*** DATASET CONTENT Section Begins ***
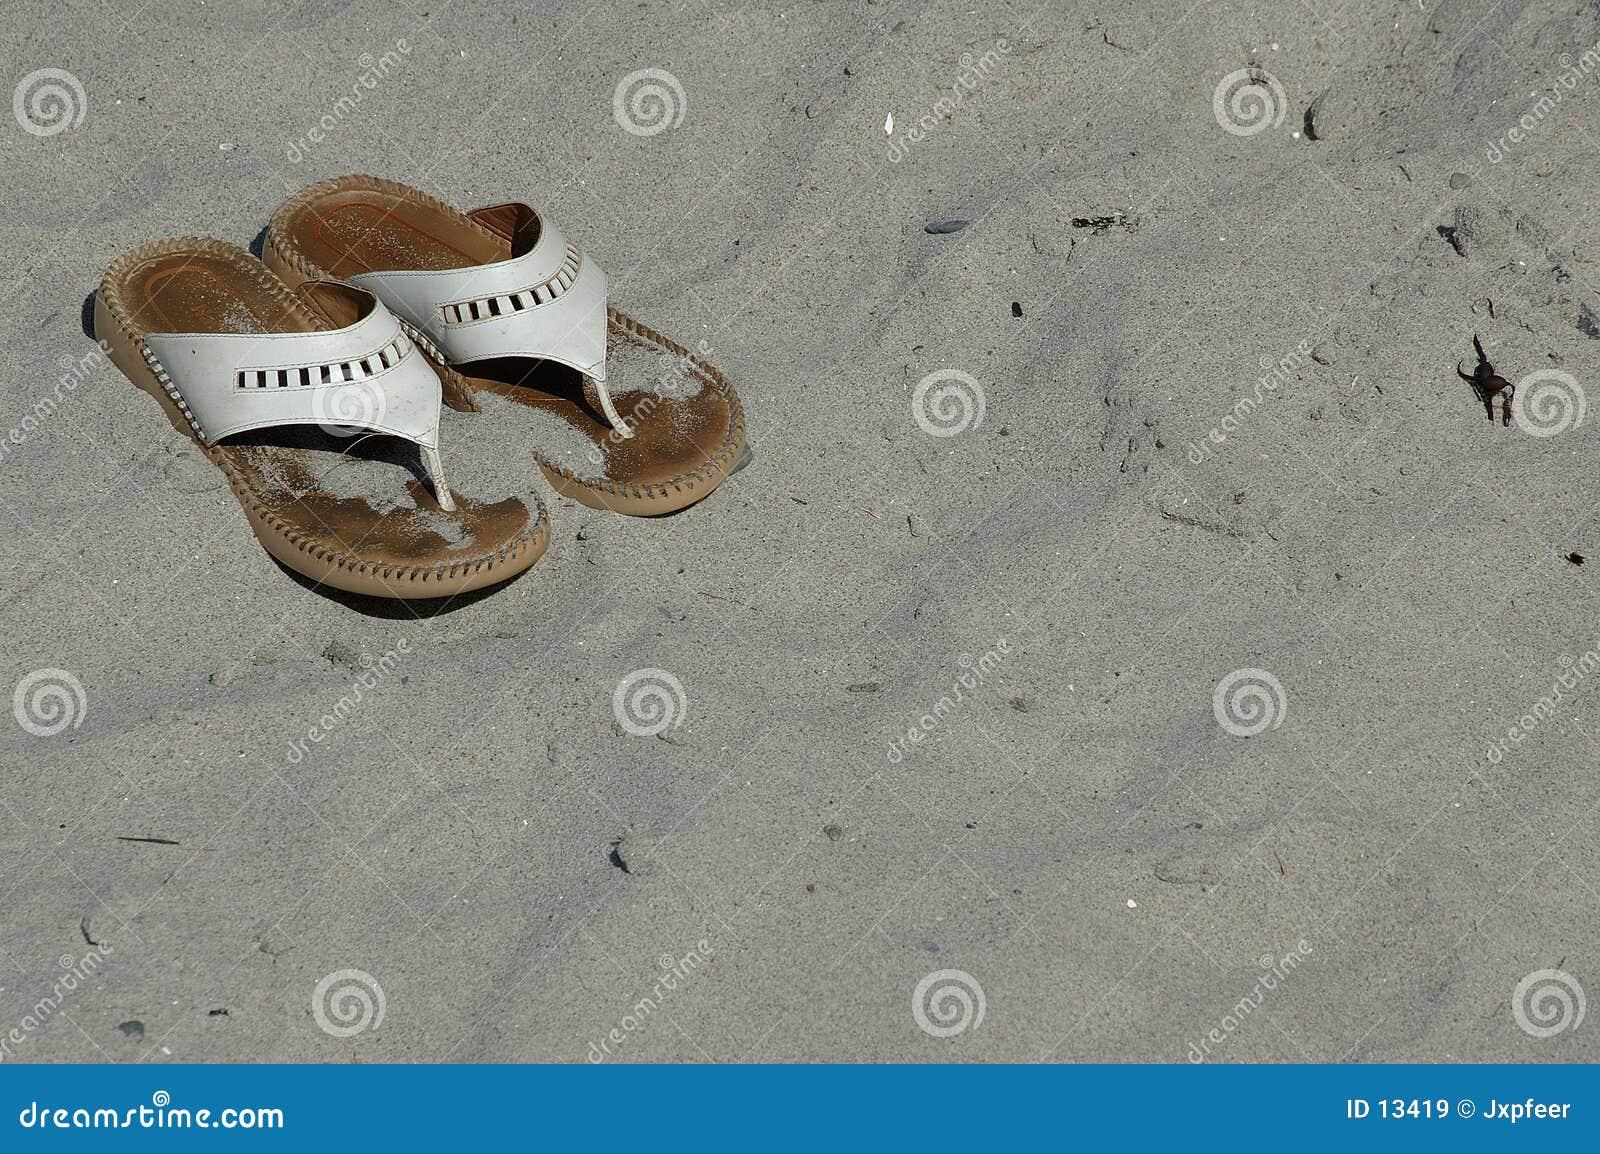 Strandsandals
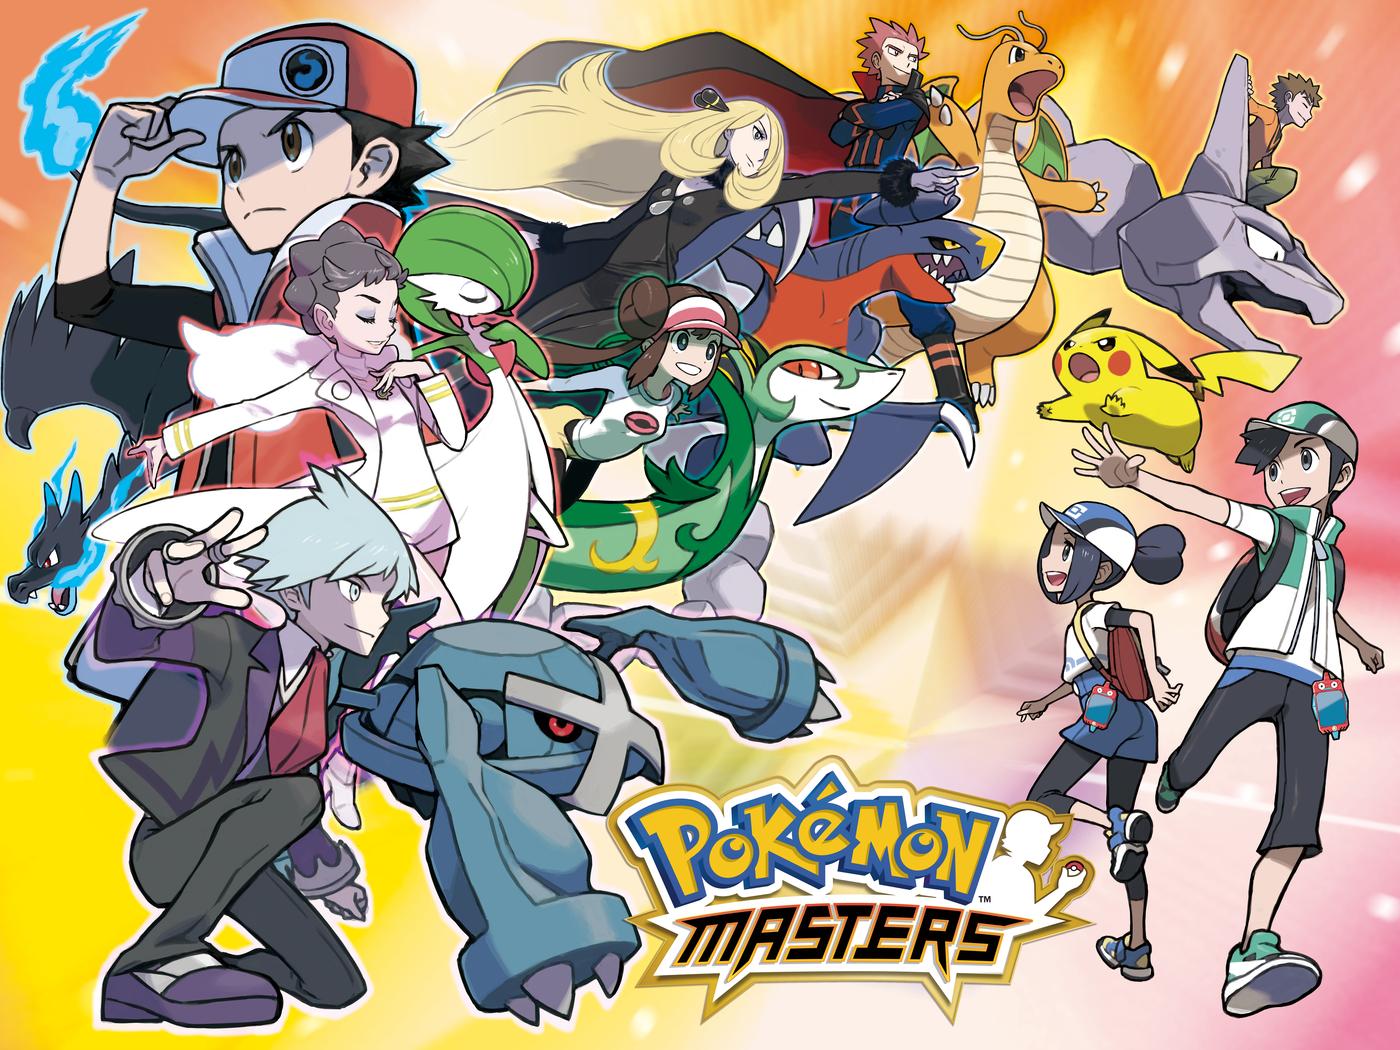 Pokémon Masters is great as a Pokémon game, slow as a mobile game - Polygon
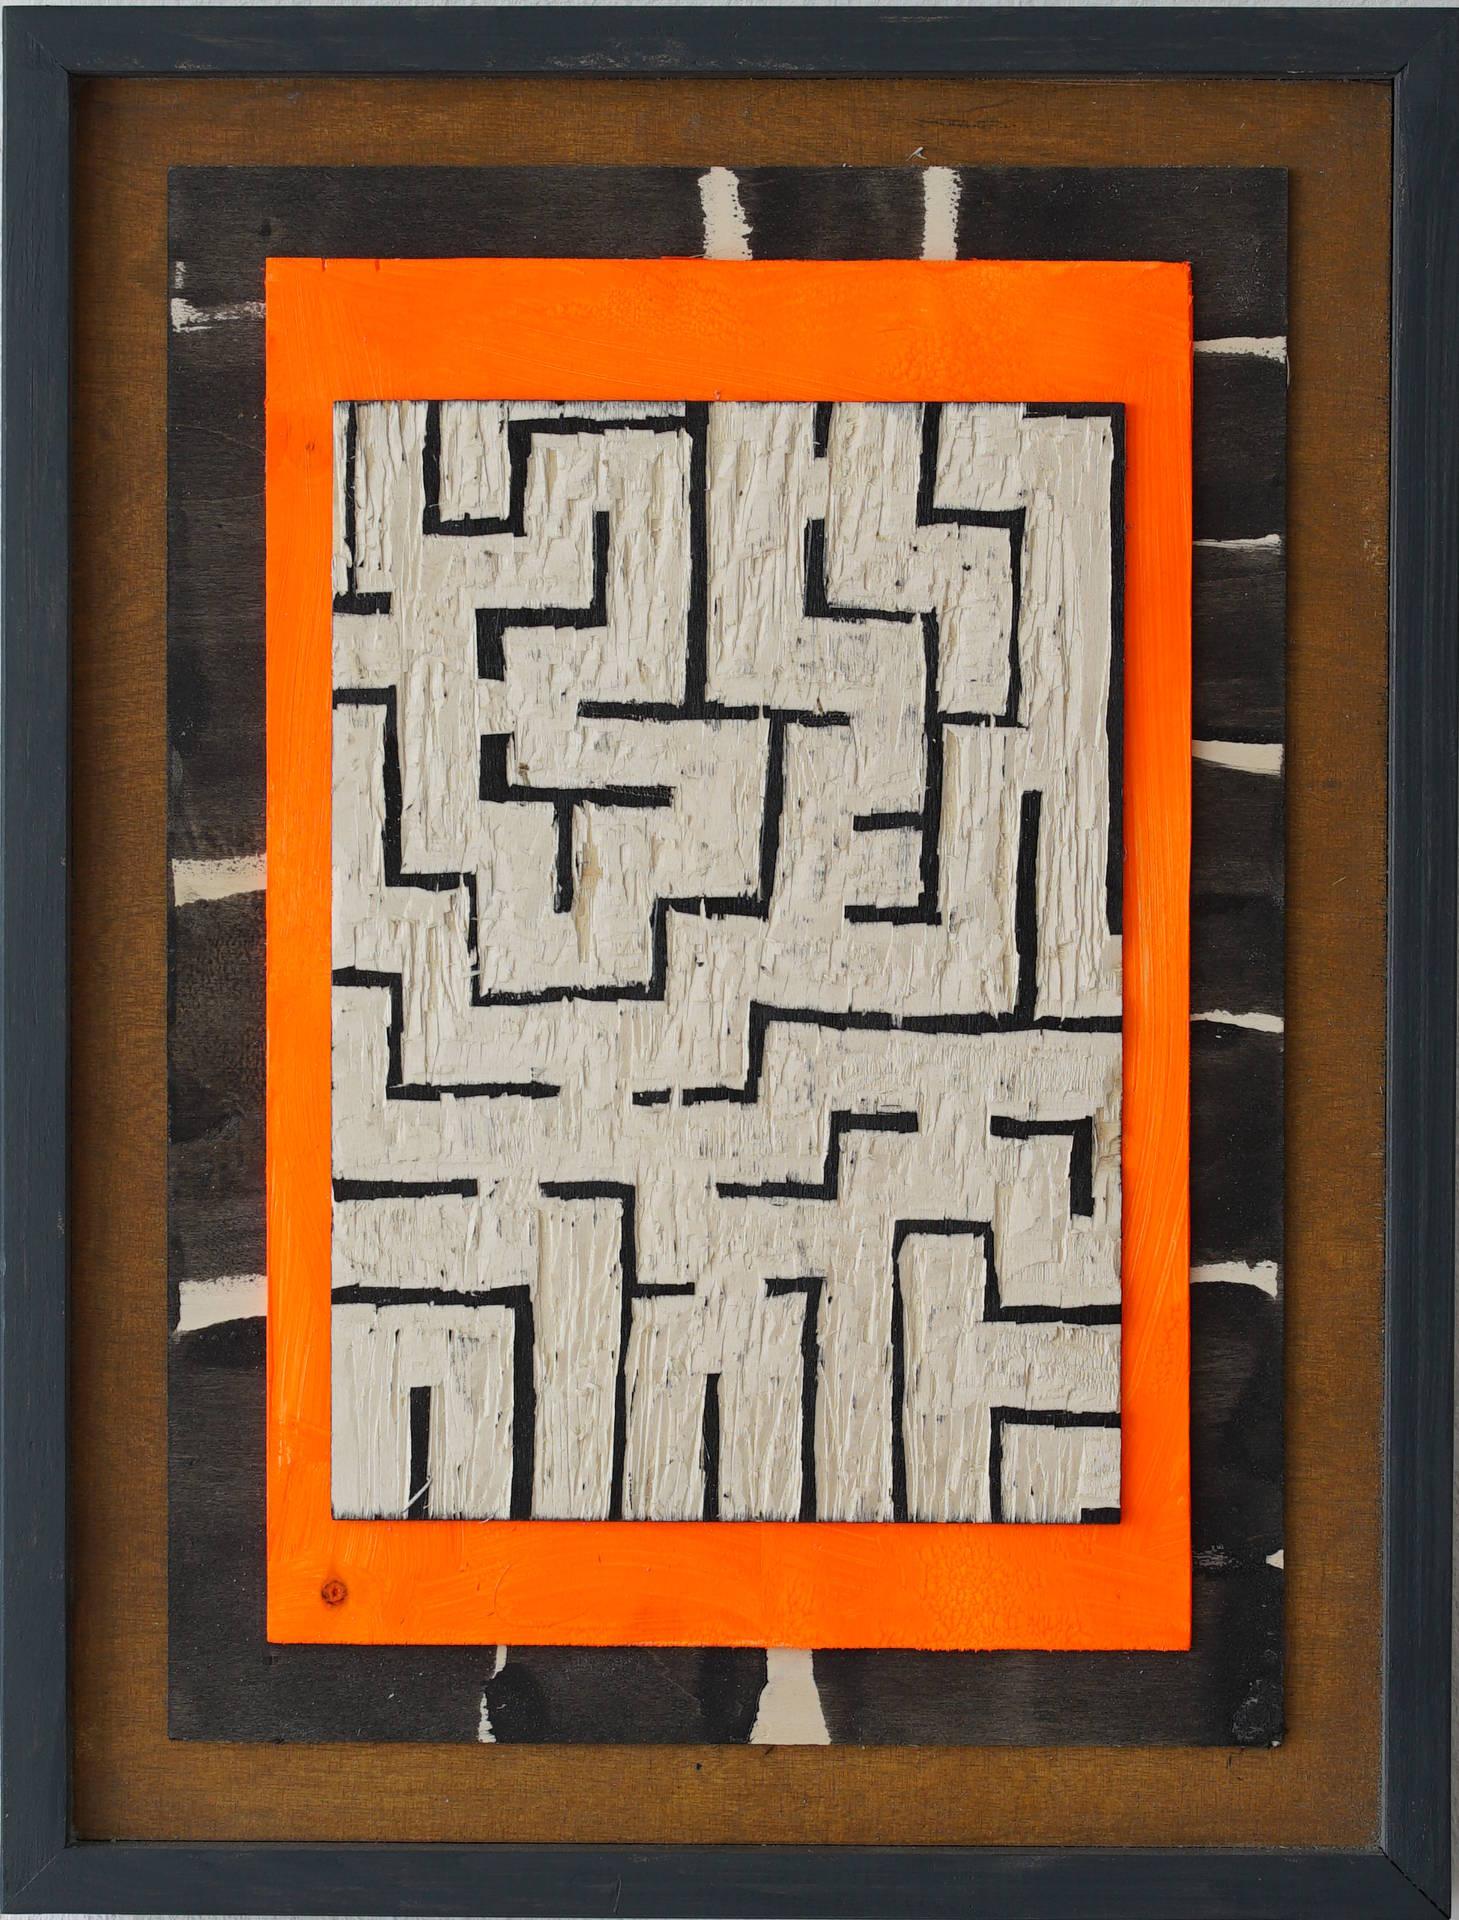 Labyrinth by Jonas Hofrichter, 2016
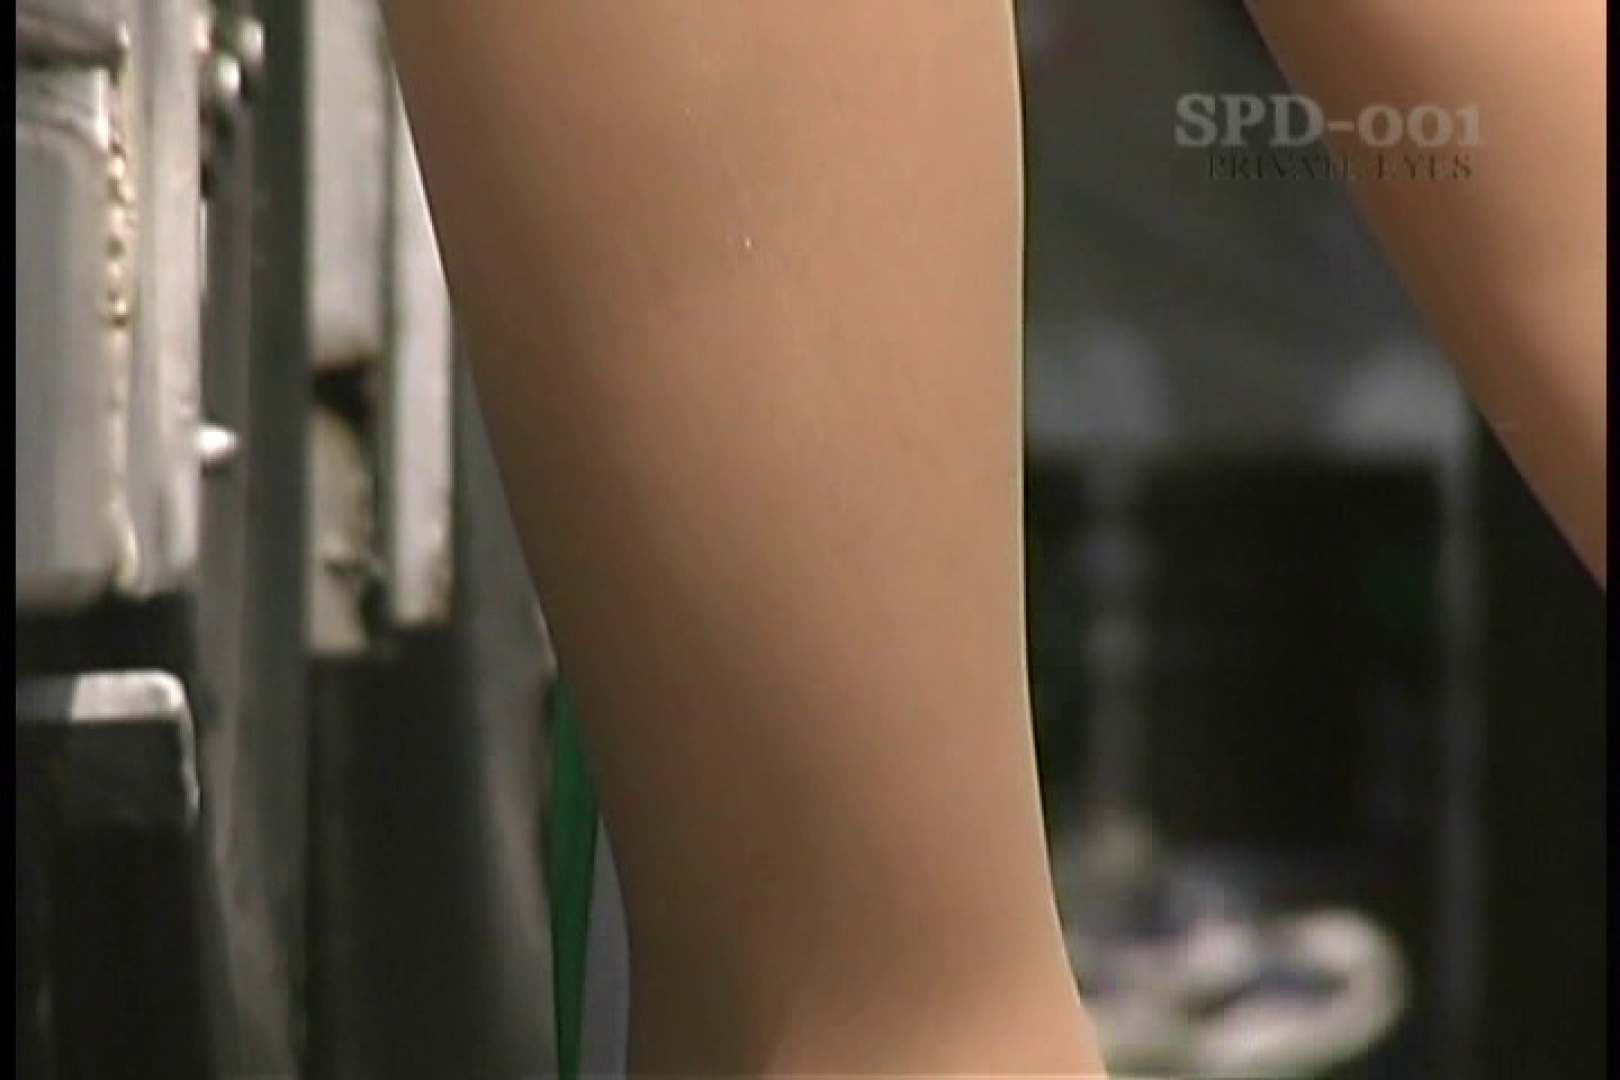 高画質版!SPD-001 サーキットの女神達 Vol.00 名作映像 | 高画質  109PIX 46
*** DATASET CONTENT Section Ends ***
TASK DIRECTIONS :: Give the listing again exactly, excluding pictures.

SOLUTION TO THIS PROBLEM ::
 Strandsandals
 Pokémon Masters is great as a Pokémon game, slow as a mobile game - Polygon
 Labyrinth by Jonas Hofrichter, 2016
 高画質版!SPD-001 サーキットの女神達 Vol.00 名作映像 | 高画質  109PIX 46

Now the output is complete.